Smith v. King's Grant Condominium

*274BROSKY, Judge,

concurring.

I am in agreement with the majority’s finding that appellant failed to present a 'prima facie case of negligence under § 364 of the Restatement, Second, of Torts, and, failed to meet her burden of proof required regarding the doctrine of res ipsa loquitur. Hence, I am constrained to agree that the trial court properly prevented the case from proceeding to the jury and granted appellees’ motion for a compulsory nonsuit.

I wish to note that I empathize with the plight of appellant, who clearly suffered inconvenience and damage as a result of the backing-up of the sewer system into her bathroom. It is truly unfortunate that in the instant case she will not be compensated for all of her damages. Yet, as the majority has so clearly set forth, appellant and similarly situated condominium unit owners possess remedies for instances when damages are occasioned upon them by the intentional or negligent acts of the condominium association or the agents or employees of the association. § 364 Restatement (Second) of Torts; 68 Pa.C.S. § 3311(a)(2), (4).1

It is interesting to note that in Arnold v. New City Condominiums Corp., 78 A.D.2d 882, 433 N.Y.S.2d 196 (1980), New York permitted a condominium unit owner to institute a negligence action against the developer of the condominium building (alleged defects in the drainage system resulted in the flooding of the basements of individual condominium units; the defect was in the common elements of the condominium). In Arnold the developer filed a motion for summary judgment against the unit owner and the trial court denied the motion. The Appellate Division of the Supreme Court of New York then affirmed the trial court’s order and the case proceeded to trial.2

*275In Schoninger v. Yardarm Beach Homeowners’ Association, Inc., 134 A.D.2d 1, 523 N.Y.S.2d 523 (1987), a condominium unit owner initiated an action against the condominium board of managers and the condominium association, seeking injunctive relief compelling the defendants to, inter alia, make such repairs as were necessary to the common elements of the condominium buildings. The plaintiff alleged that various common elements of the properties had been improperly designed and constructed and were being improperly maintained. Although the Appellate Division of the Supreme Court of New York found that the trial court erred in failing to grant the defendants’ motion for summary judgment, the condominium unit owner submitted the affidavit of an architect retained by her as an expert and the expert expounded upon specific defects in the common elements of the properties. This type of evidence is clearly more beneficial to a plaintiffs case than general allegations unsupported by expert evidence.

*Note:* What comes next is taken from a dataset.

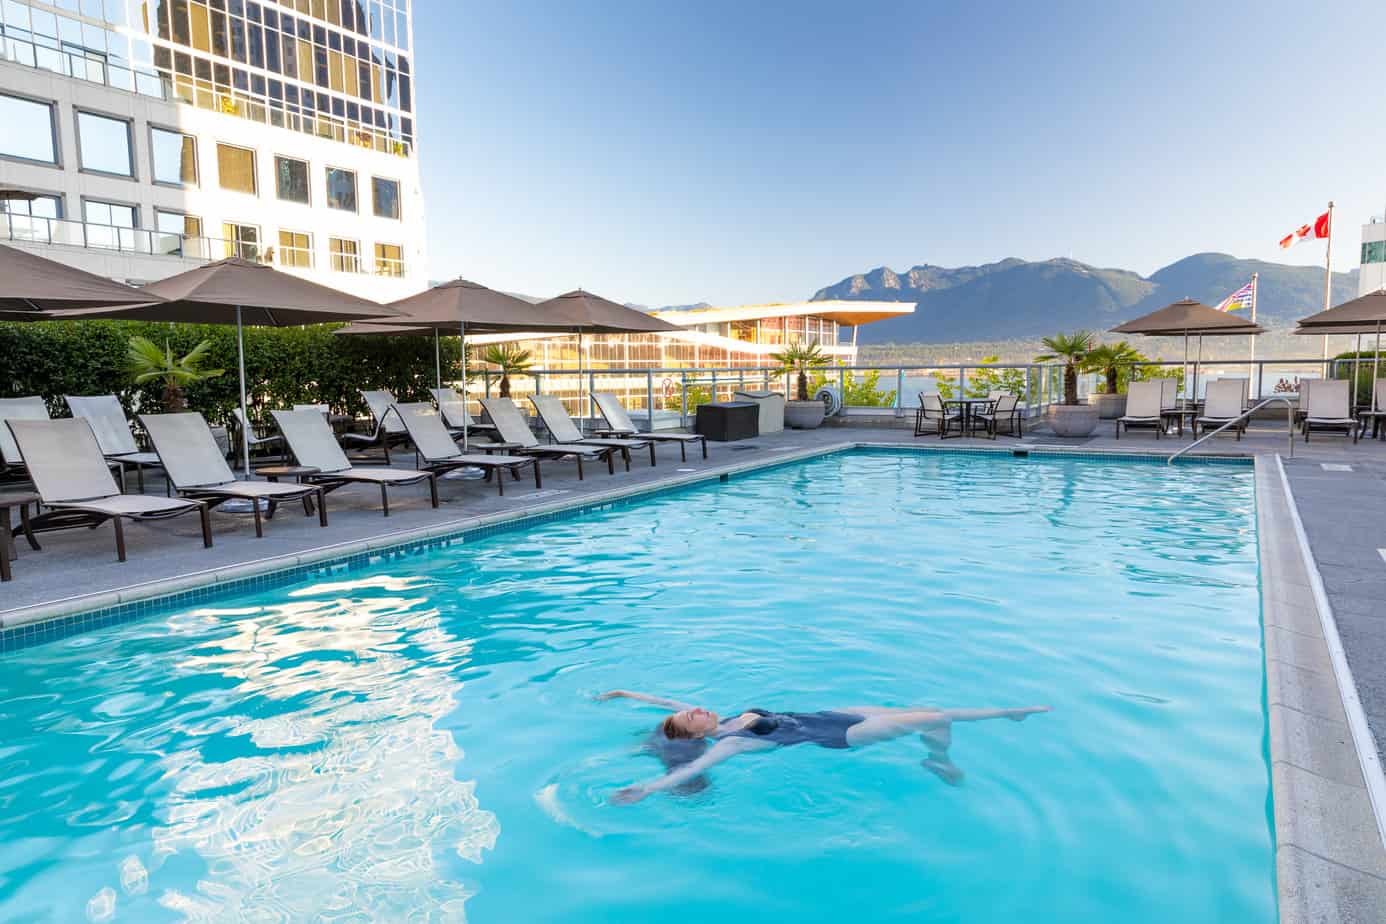 A women floating on her back with her arms up relaxing in the outdoor roof top pool. There is a view of the mountains and Northshore and part of the Vancouver convention Centre building. There are many lounge chairs surrounding the pool.

The majority notes that appellant would have been in a better position if she had analogized her relationship to the condominium association as that of landlord-tenant relationship. In McGowan v. Devonshire Hall Apartments, 278 Pa.Super. 229, 420 A.2d 514 (1980), a tenant sued her landlord, upon the theory of res ipsa loquitur, for injuries sustained as a result of a malfunction in the operation of an elevator located on one of the common elements of the apartment building. The landlord joined the elevator service company. The verdict was against the landlord and our Court affirmed. In McGowan the plaintiff testified as to the details of the accident. There was also detailed testimony from inspectors from the service company, who provided information regarding the operation of and repairs to the elevator. There was also testimony from an elevator inspector who was an employee of a subsidiary of the liability carrier of the landlord. He testified regarding the impossibility of the occurrence of the accident as described by the plaintiff. All of the aforemen*276tioned testimony was certainly relevant in proving or disproving a plaintiffs allegations in a landlord-tenant case, or by analogy, a condominium unit owner-condominium association case.

. See majority memorandum, at pages 264, 265.

. Additionally, the condominium association may have standing to represent the individual condominium unit owners in a lawsuit, against the condominium developers, alleging defects in the construction of the condominium. 1000 Grandview Association v. Mt. Washington Association, 290 Pa.Super. 365, 434 A.2d 796 (1981). In 1000 Grandview Association the condominium association brought an action alleging *275specific and implied breaches of warranty for defects and omissions in the construction of the condominium.